WORK ORDER >>
Pictures aside, every line of the listing should be given again exactly.

DATA >>
★ ★ ★ ★ ★ ★ ★
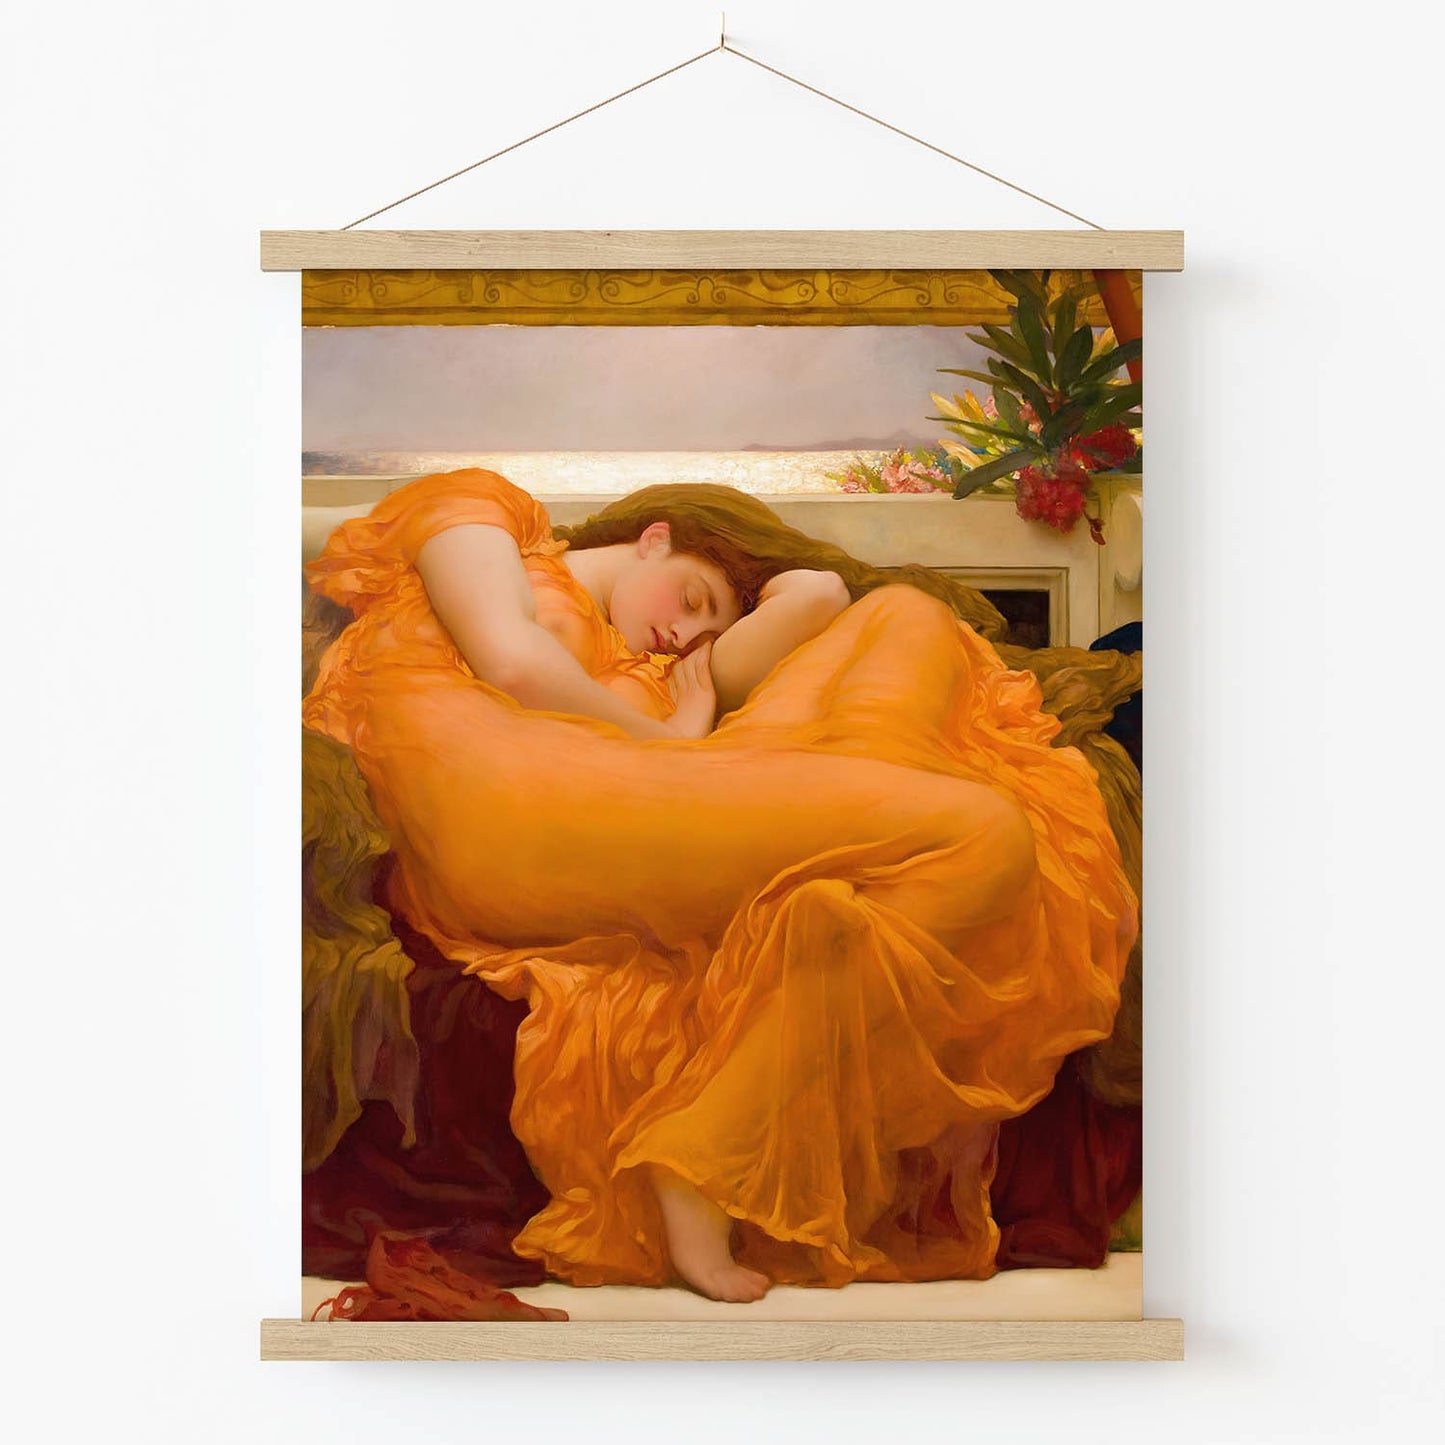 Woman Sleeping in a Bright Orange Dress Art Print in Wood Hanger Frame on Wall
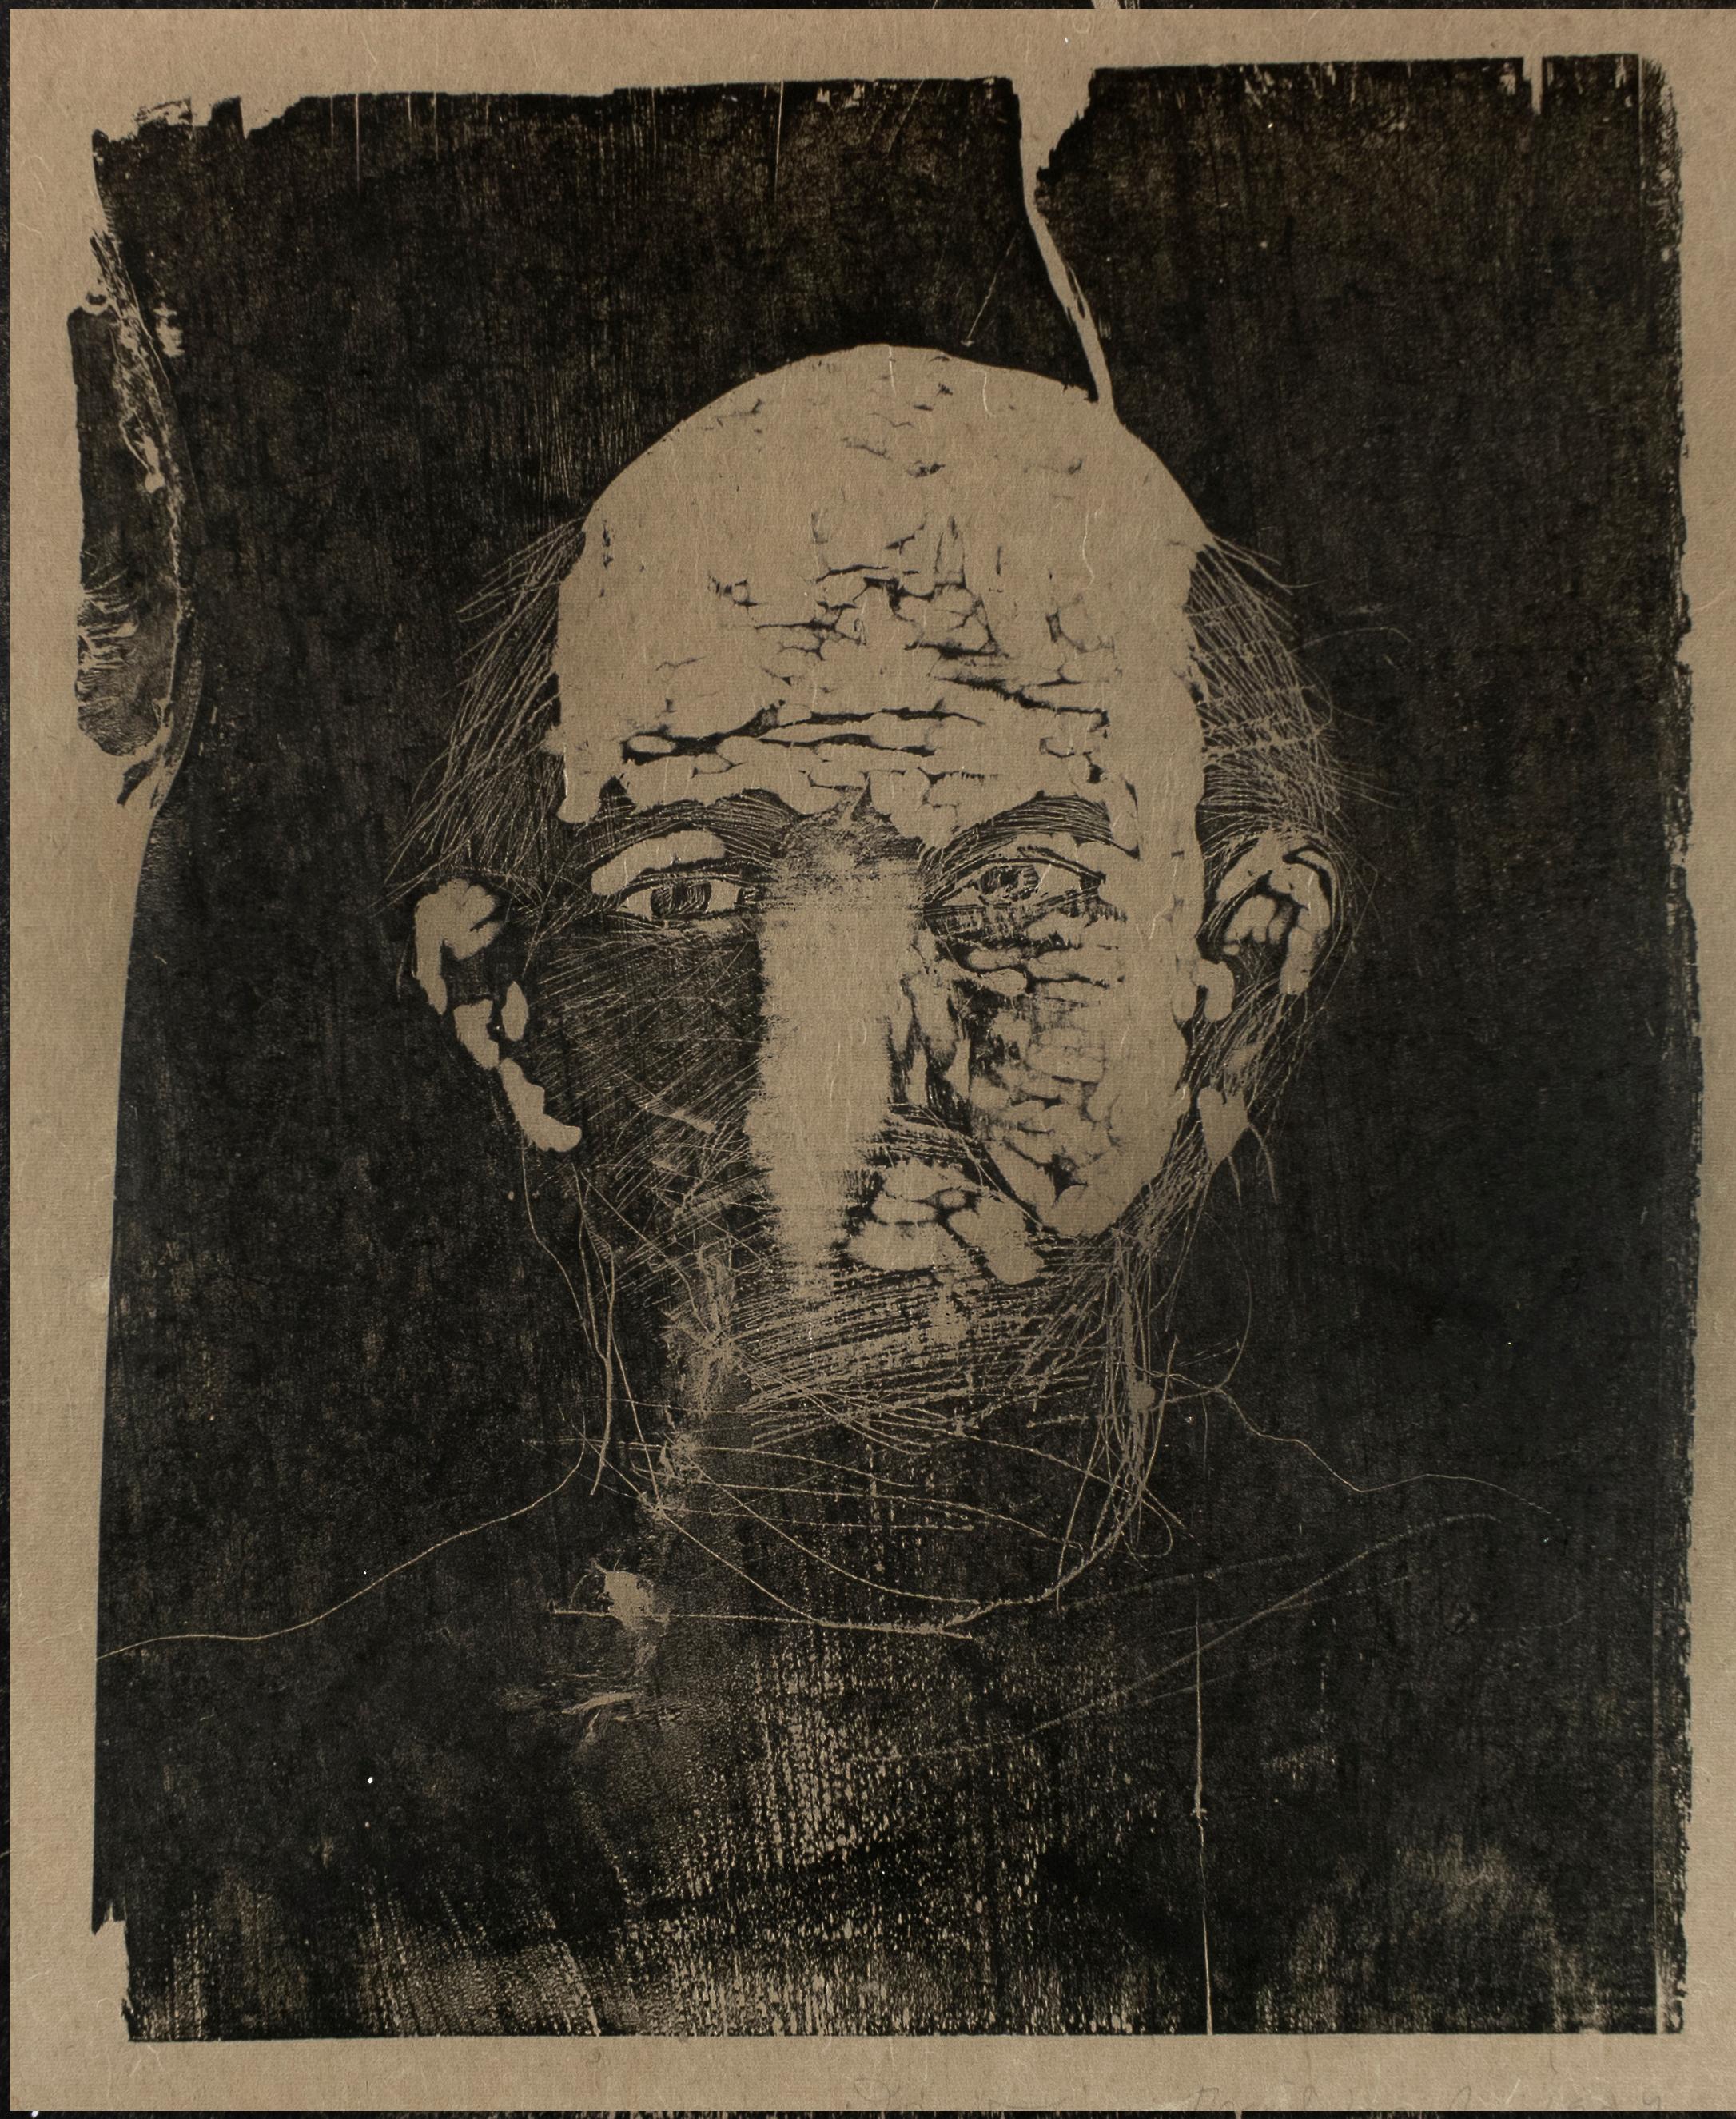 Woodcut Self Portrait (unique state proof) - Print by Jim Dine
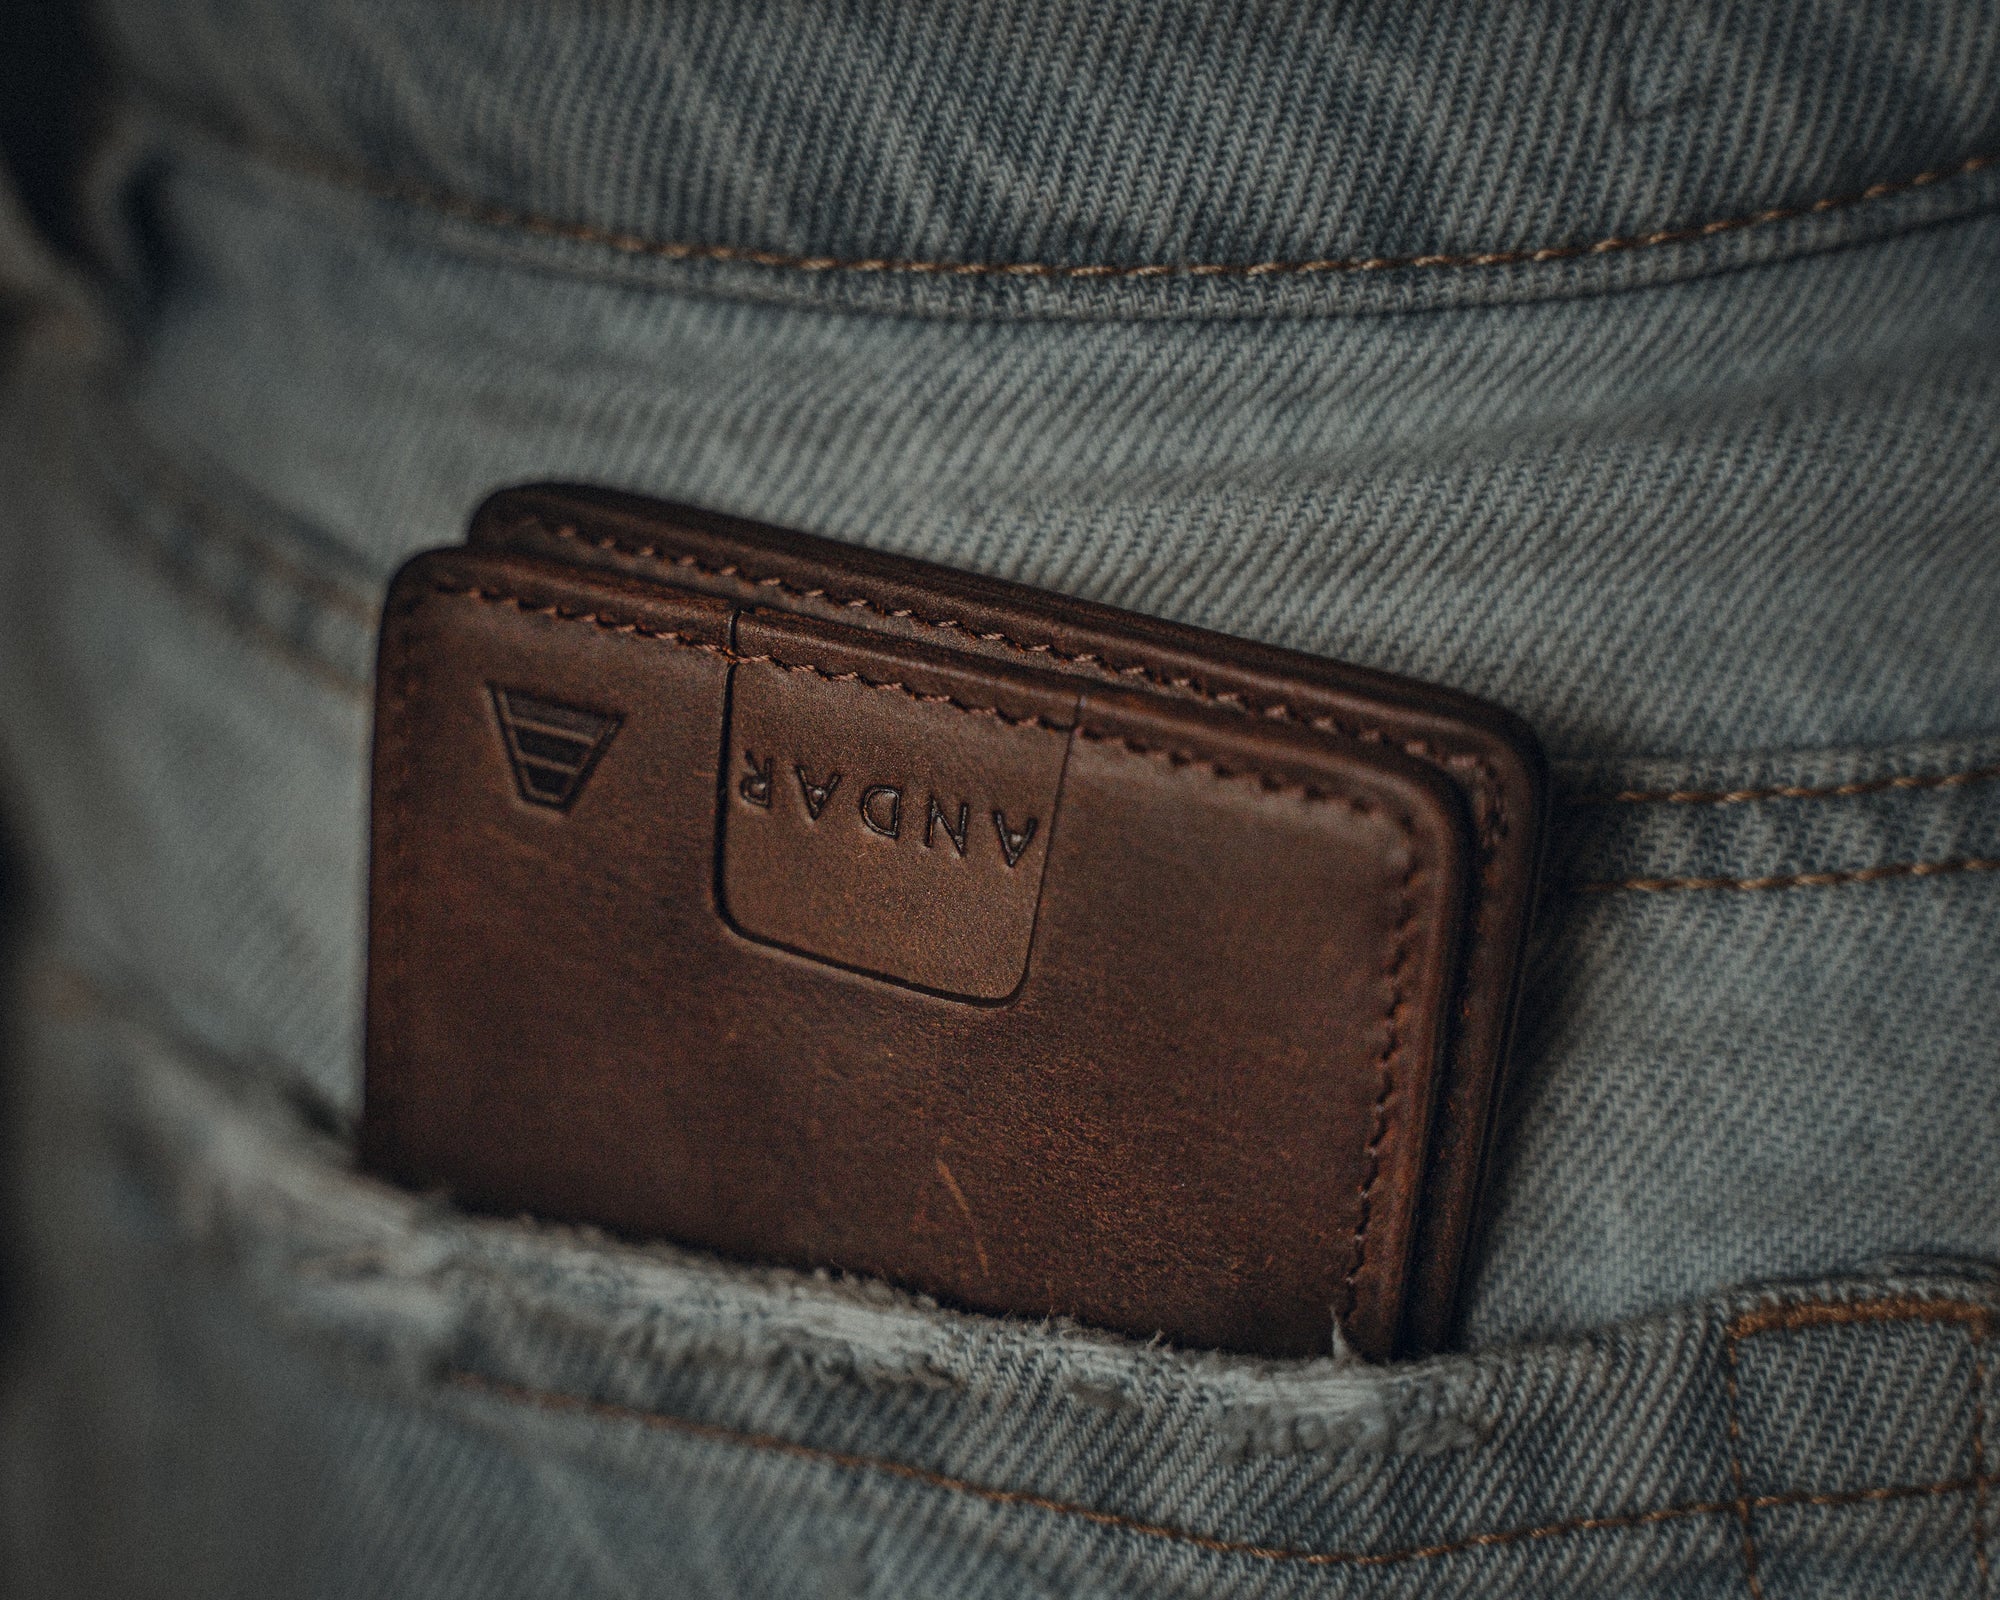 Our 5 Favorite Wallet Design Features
★ ★ ★ ★ ★ ★ ★
RESULT >>
 Woman Sleeping in a Bright Orange Dress Art Print in Wood Hanger Frame on Wall
 Woodcut Self Portrait (unique state proof) - Print by Jim Dine
 Our 5 Favorite Wallet Design Features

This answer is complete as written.